§ **PROBLEM TO SOLVE**
Copy out exactly the lines spanning the line with "channel_t logo" to the line with "Una vista esterna", inclusive, from the data underneath, with no pictures.
##### TASK MATERIAL #####
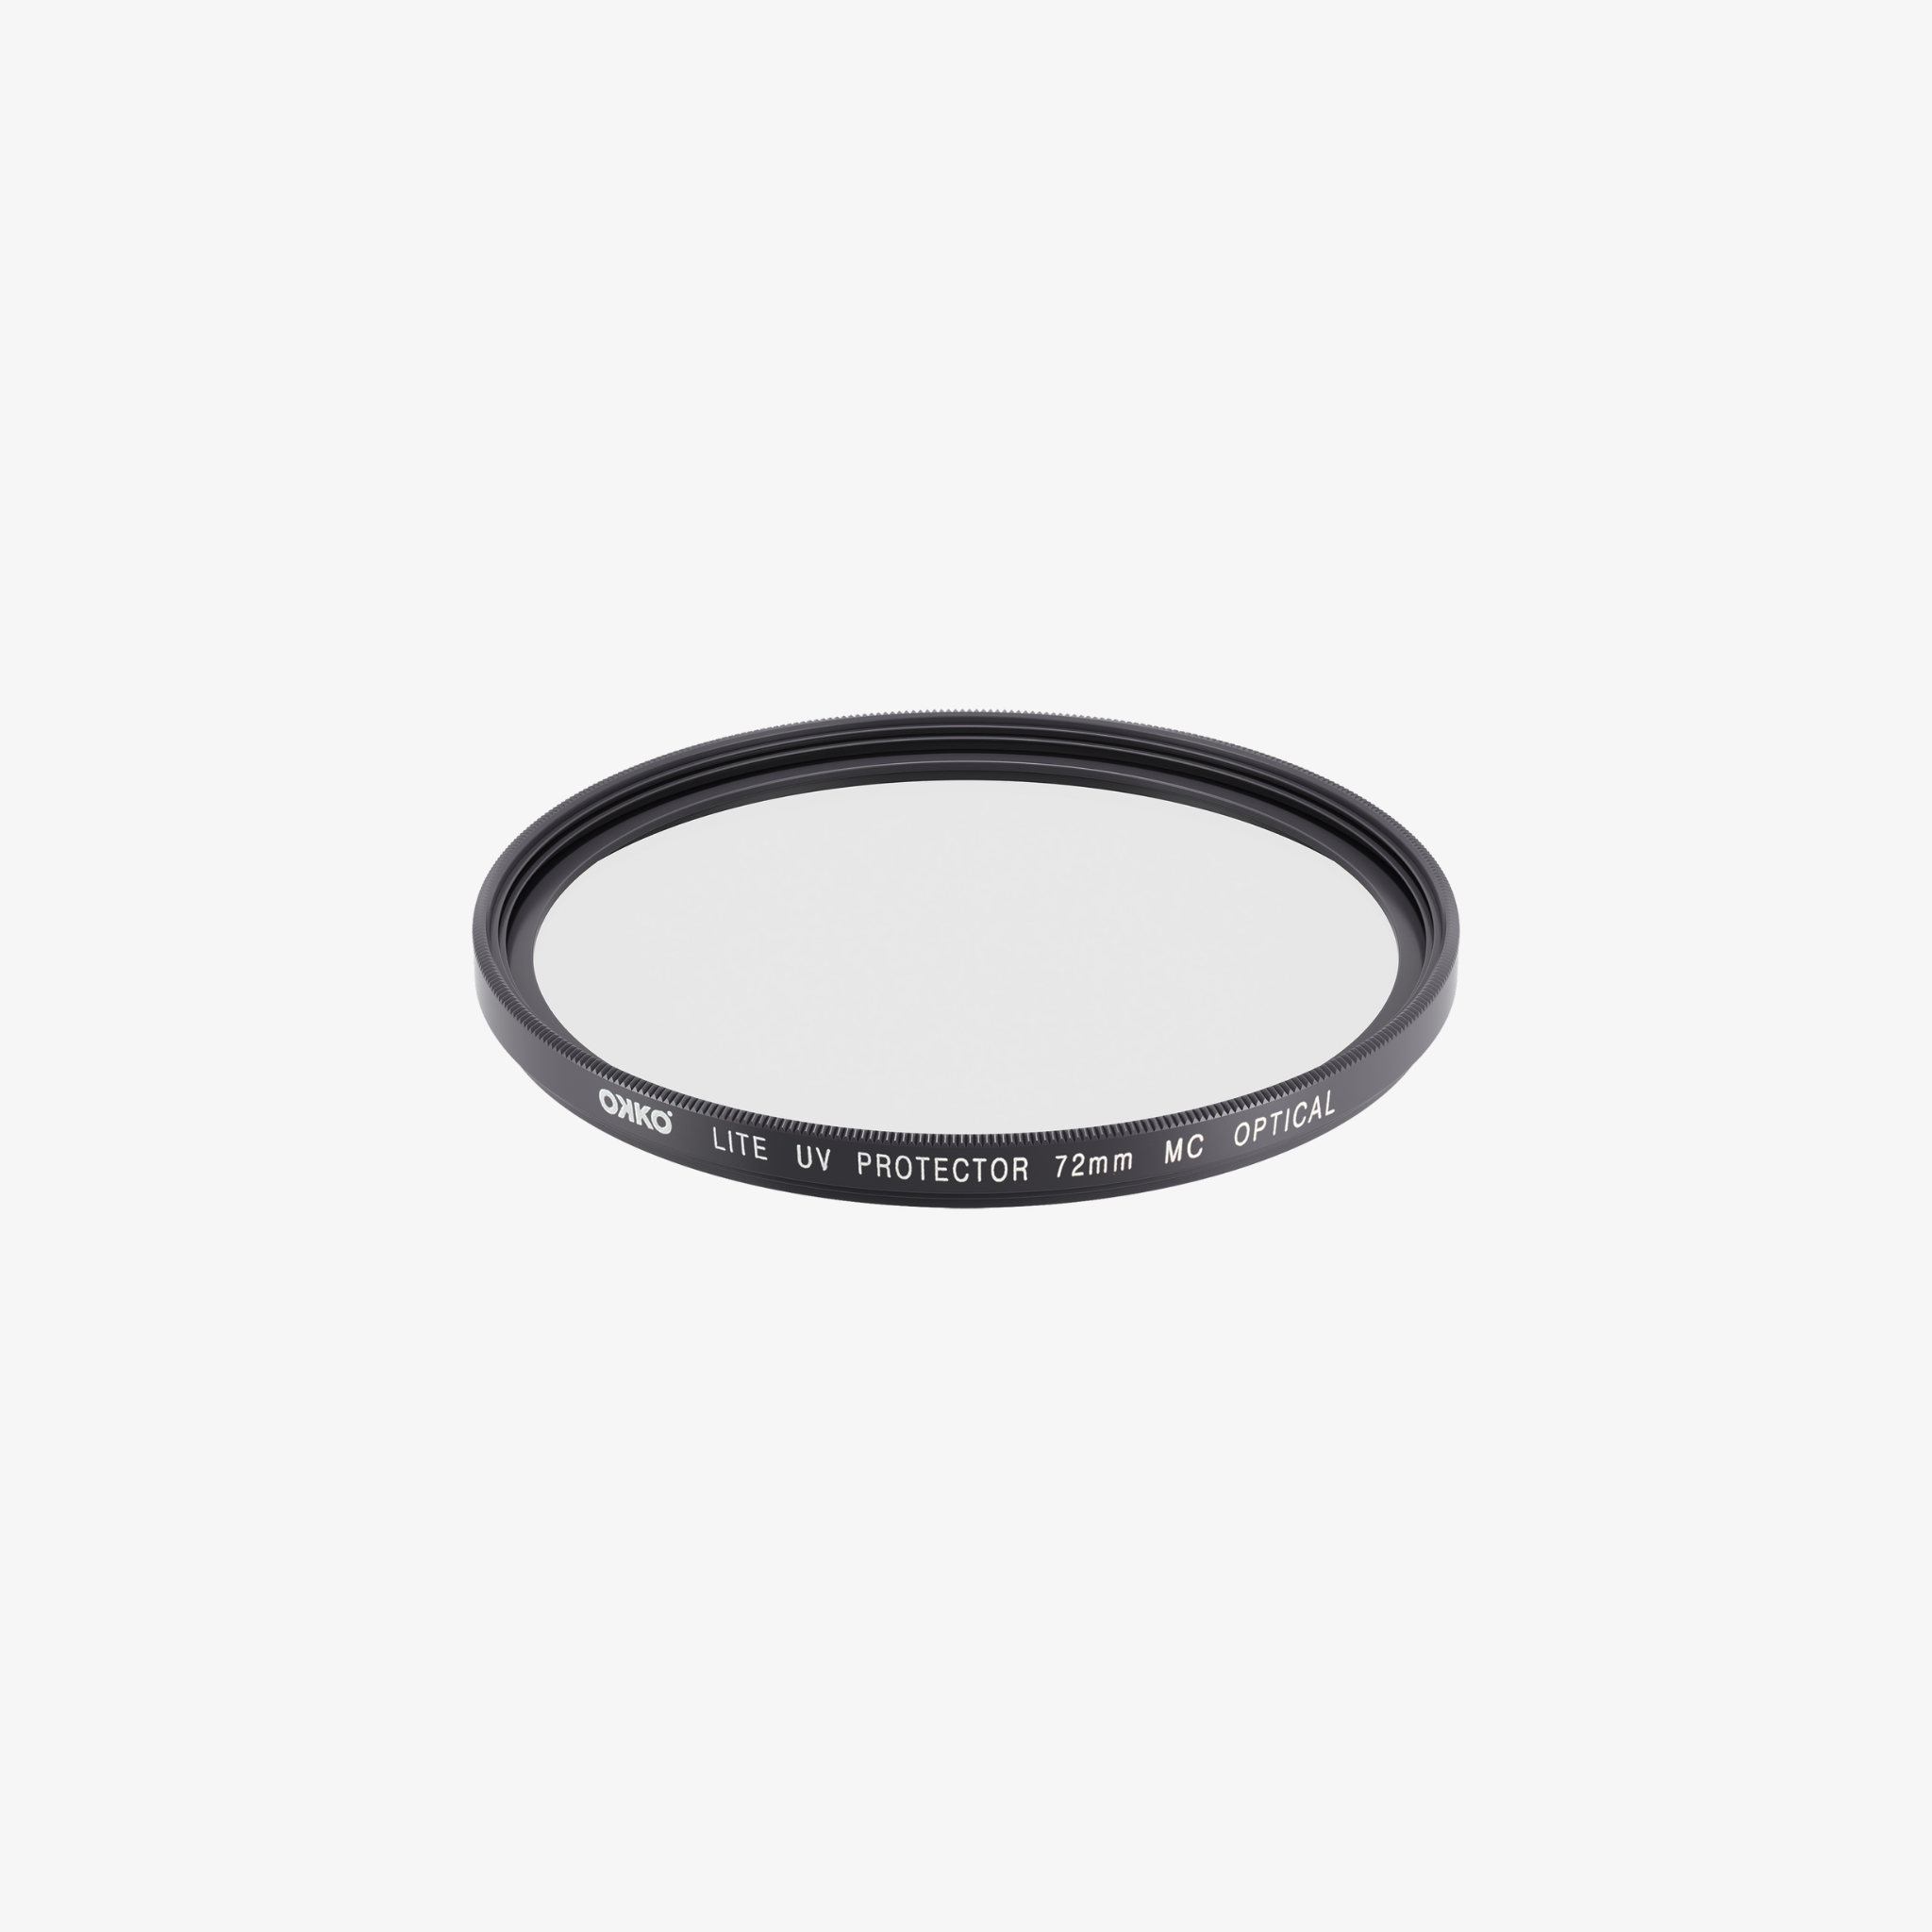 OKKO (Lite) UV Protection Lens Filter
#####
##### TASK MATERIAL #####
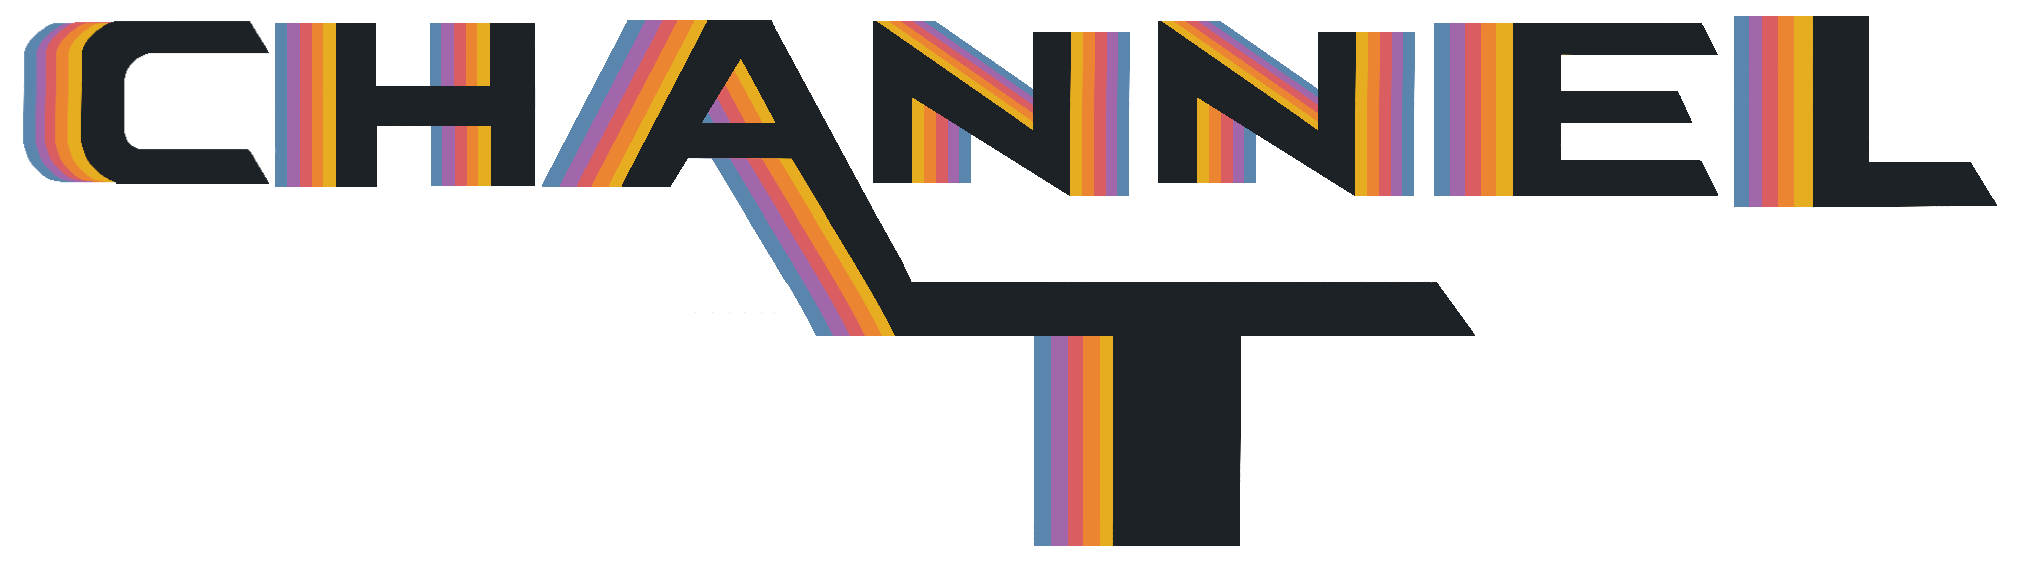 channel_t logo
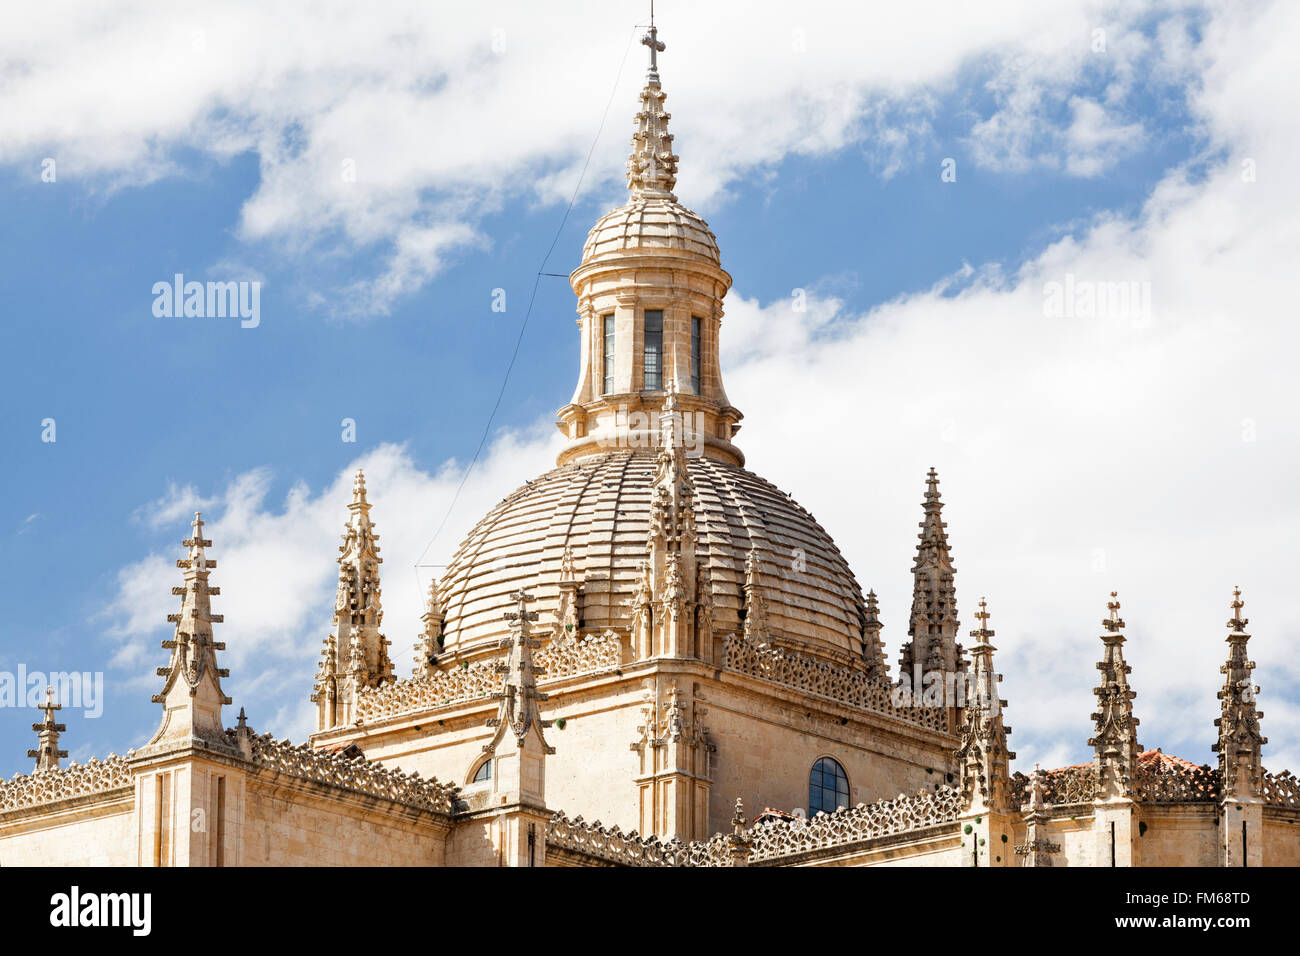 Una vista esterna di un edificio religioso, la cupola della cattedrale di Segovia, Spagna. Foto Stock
#####
§ **TASK RESULT**
 channel_t logo
 Una vista esterna di un edificio religioso, la cupola della cattedrale di Segovia, Spagna. Foto Stock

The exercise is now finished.